Available data Start Marker

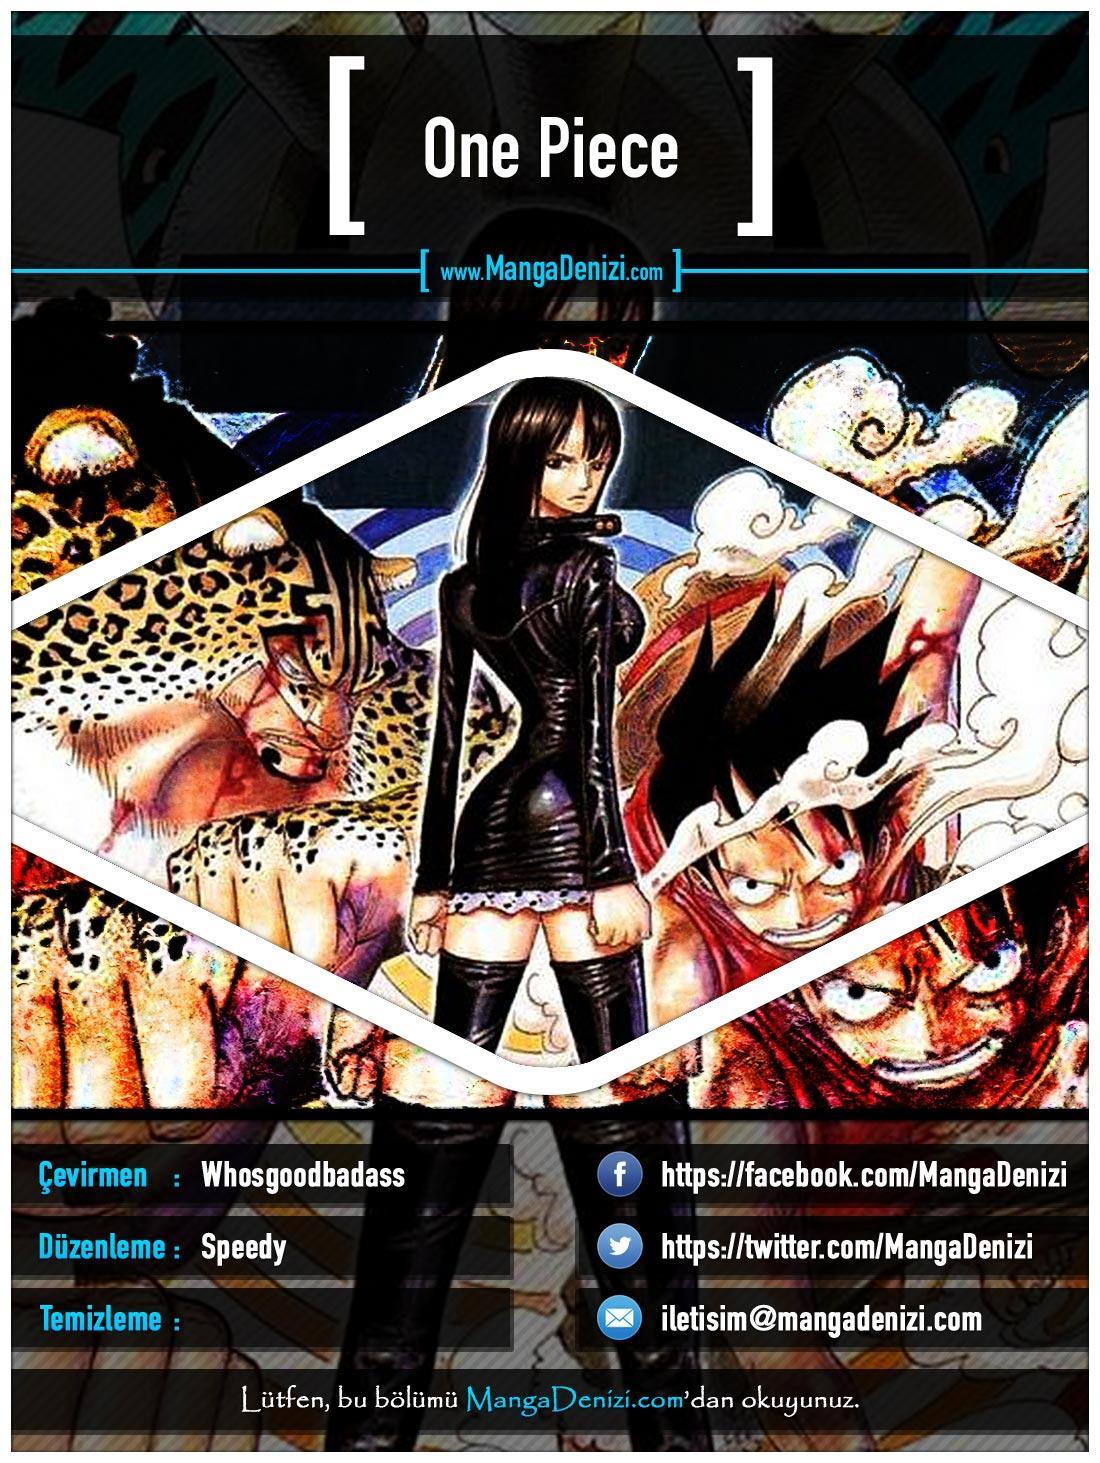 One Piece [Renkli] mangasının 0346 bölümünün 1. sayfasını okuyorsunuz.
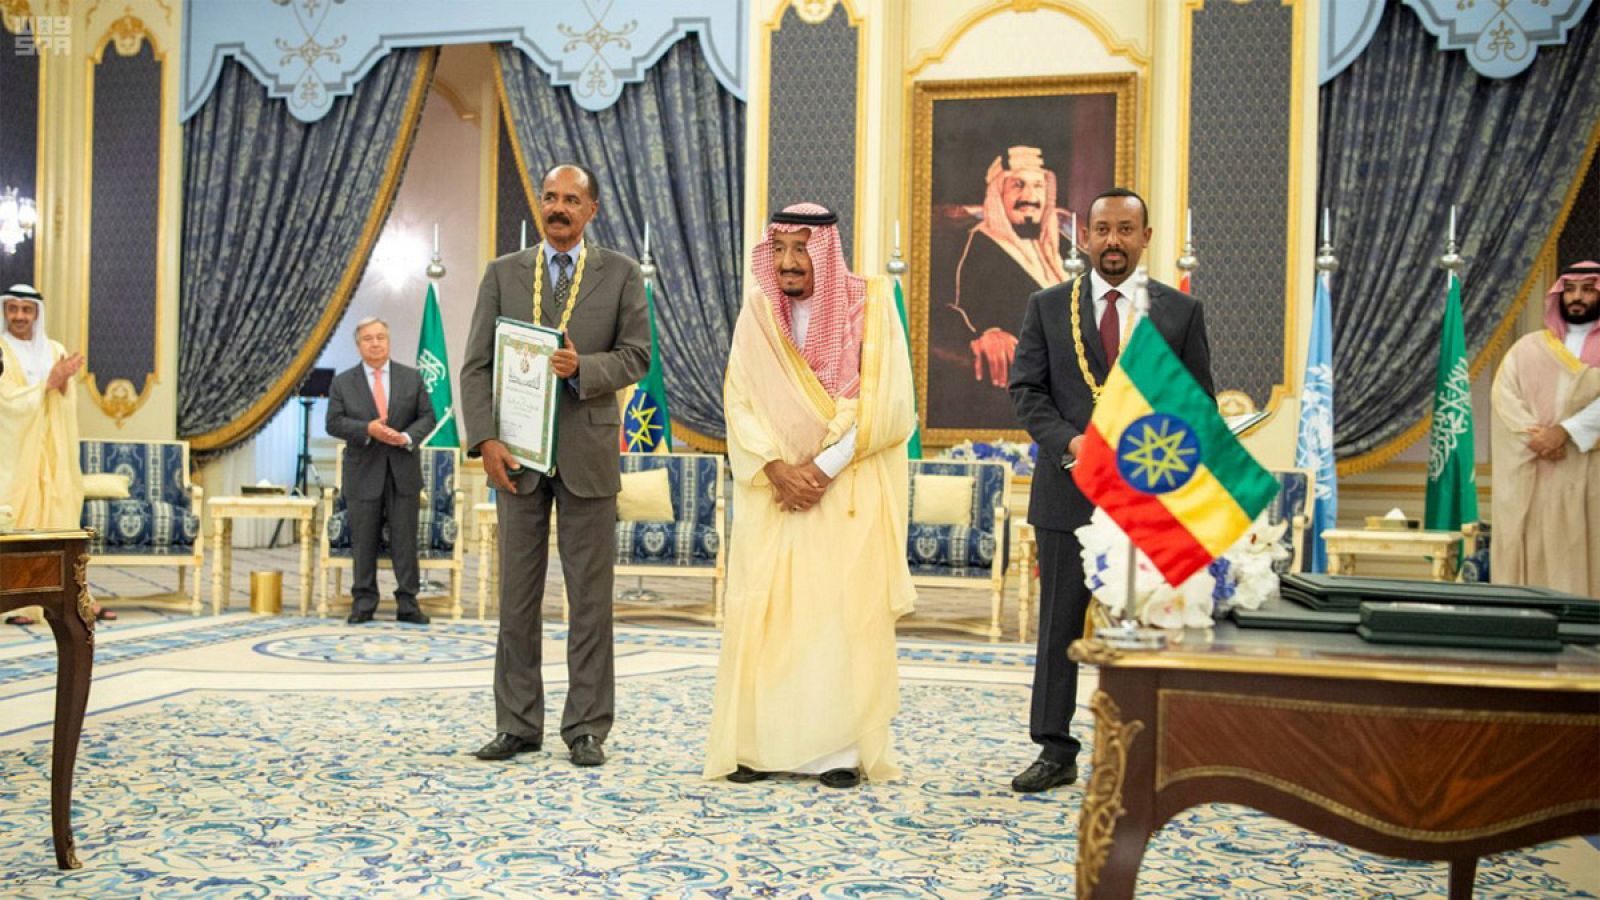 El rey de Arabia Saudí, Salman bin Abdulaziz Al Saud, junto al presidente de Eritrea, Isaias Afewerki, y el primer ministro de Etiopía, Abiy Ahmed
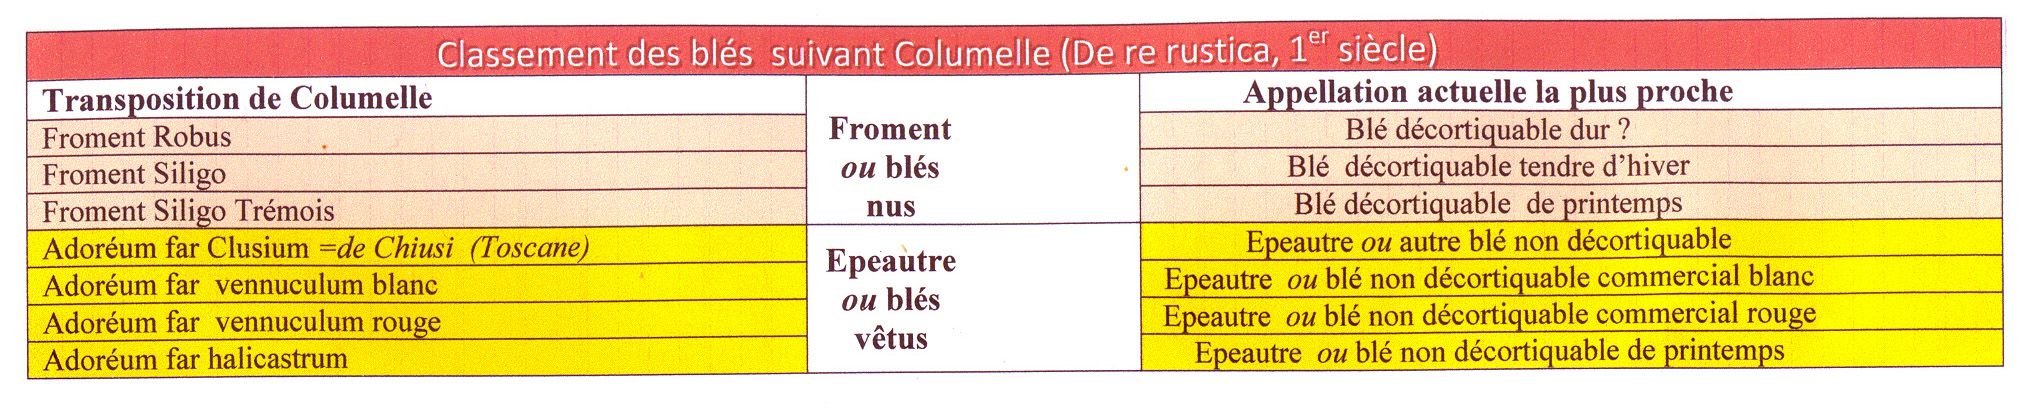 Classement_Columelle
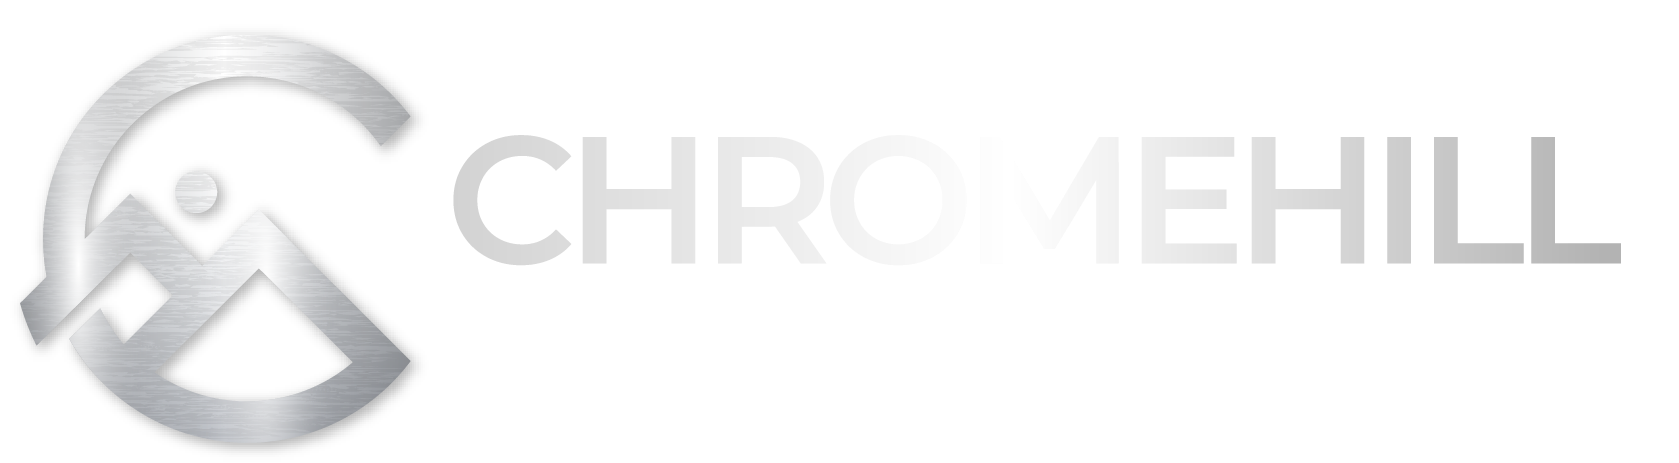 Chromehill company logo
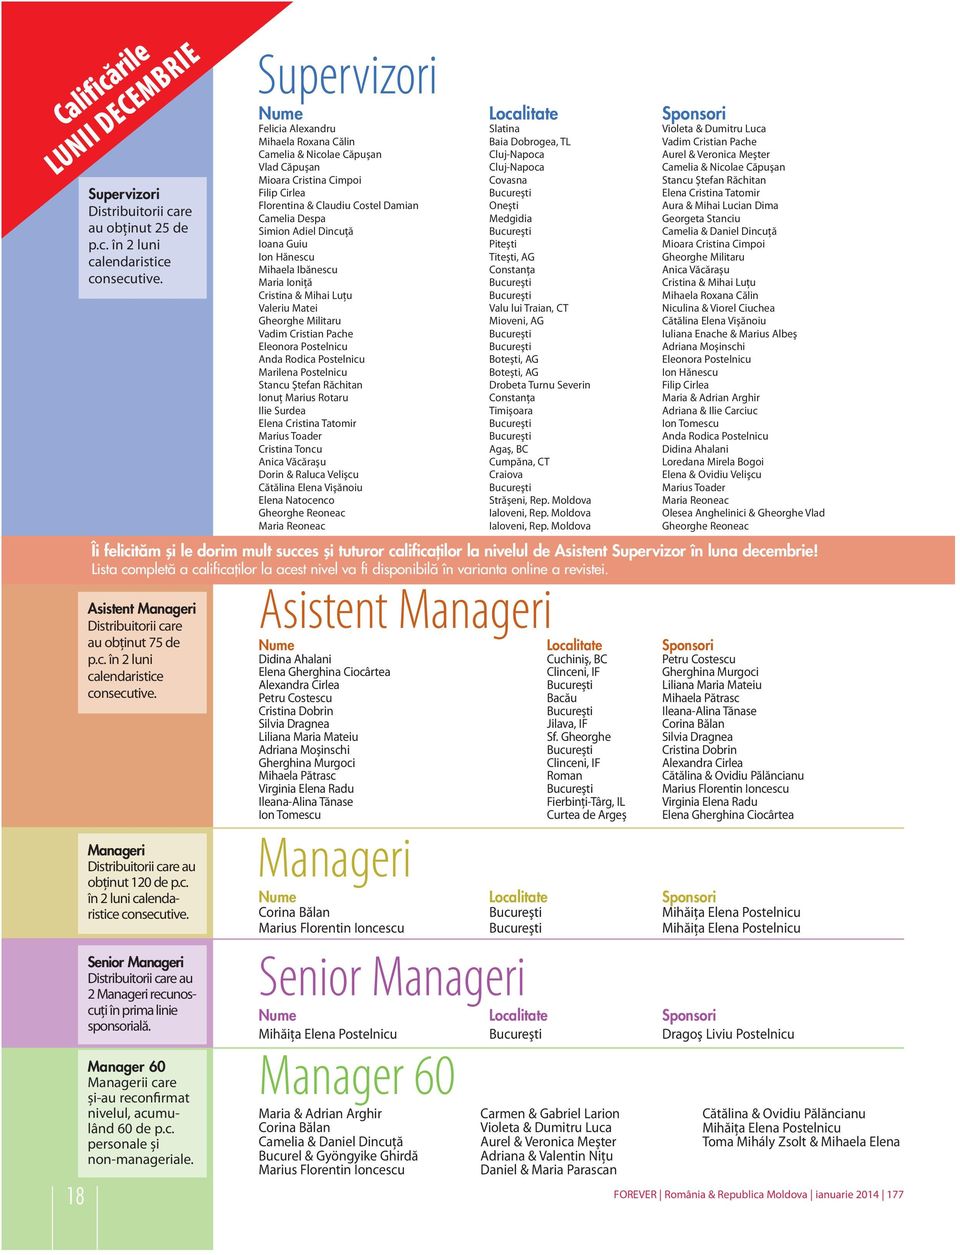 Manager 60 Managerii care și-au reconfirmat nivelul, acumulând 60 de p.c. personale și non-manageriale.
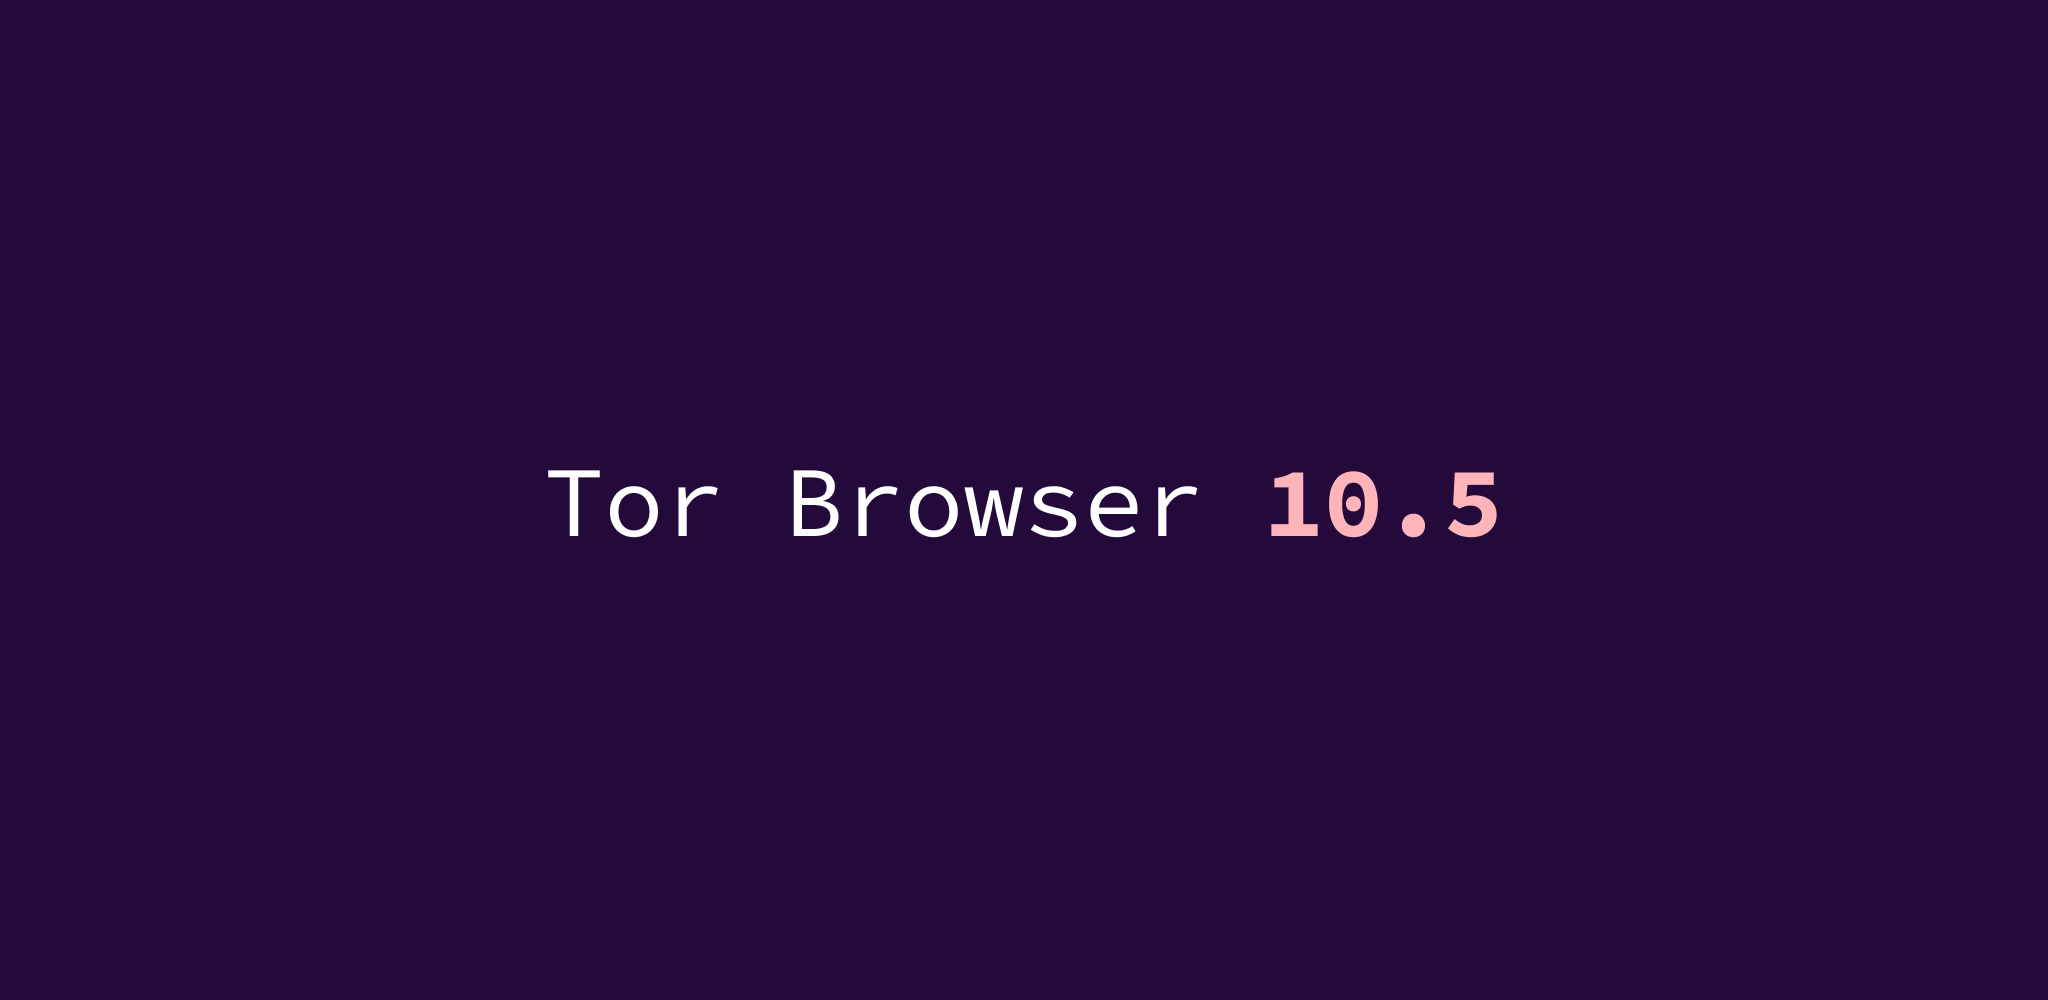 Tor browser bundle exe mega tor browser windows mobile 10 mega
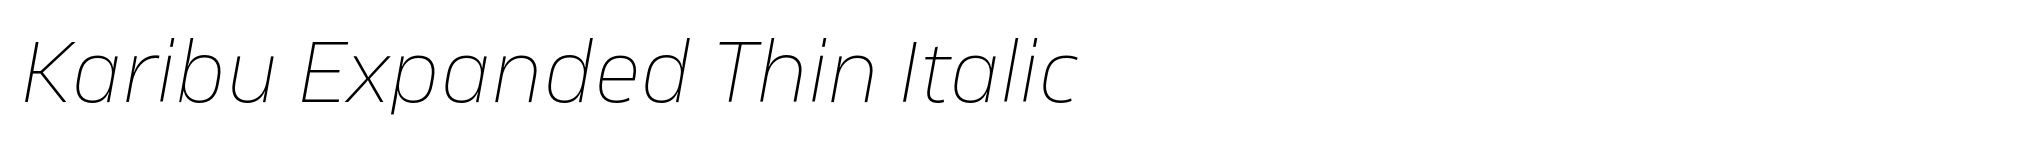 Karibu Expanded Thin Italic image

Available data End Marker

- _Exercise brief_
Restate, word for word, all of the material above, leaving out the images.

- _Your response_
 One Piece [Renkli] mangasının 0346 bölümünün 1. sayfasını okuyorsunuz.
 El rey de Arabia Saudí, Salman bin Abdulaziz Al Saud, junto al presidente de Eritrea, Isaias Afewerki, y el primer ministro de Etiopía, Abiy Ahmed
 Classement_Columelle
 Chromehill company logo
 Manager 60 Managerii care și-au reconfirmat nivelul, acumulând 60 de p.c. personale și non-manageriale.
 Tor browser bundle exe mega tor browser windows mobile 10 mega
 Karibu Expanded Thin Italic image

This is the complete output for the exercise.